STUDIES ON THE ASPARTIC ACID DECARBOXYLASE OF RHIZOBIUM TRIFOLII

Abstract

A modified medium for the microbiological assay of beta-alanine is descr. R. trifolii was found to contain an enzyme system capable of decarboxylating aspartic acid to beta-alanine, as detd. by microbiological assay for this compound.
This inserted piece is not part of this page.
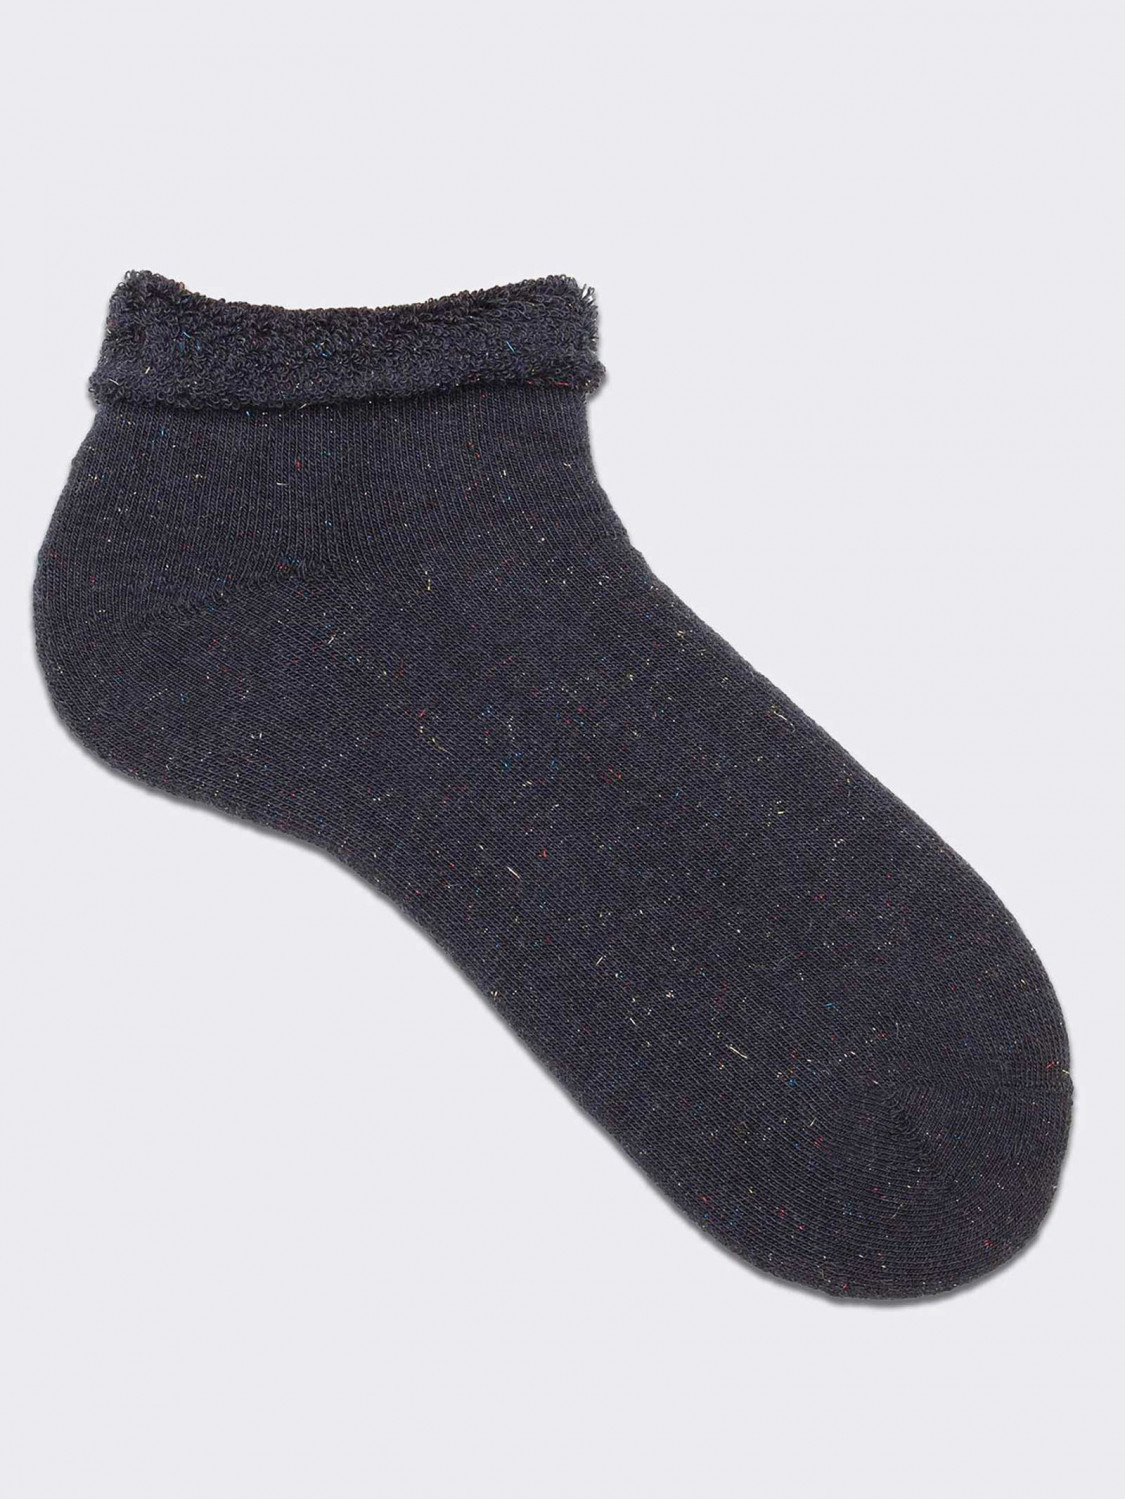 Short socks for woman - homewear

A study of the properties of the system was undertaken with the following results: (1) The age of the culture markedly affected enzyme activity; the greatest activity occurring during the logarithmic phase of growth. (2) No marked effect of growth temp. between 22 and 38 [degree]C was noted on enzyme activity. (3) The opt. temp, of activity of washed cells appeared to be 46[degree]C. The calculated slope of beta-alanine production vs. time was greatest at this temp. (4) The enzyme shows a pH opt. between pH 5.2 and 6.2 in phosphate buffer, with the activity falling off sharply on either side of this range. (5) The production of beta-alanine is markedly influenced by substrate concn. The enzyme was found to be present in Escherichia coli (Texas) and R. trifolii, but absent under the conditions of the expts. in Lactobacillus bulgaricus, Streptococcus lactis R, Corynebacterium diphtheriae, Saccharomyces fragilis, Micrococcus pyogenes var. albus, and Aerobacter aerogenes.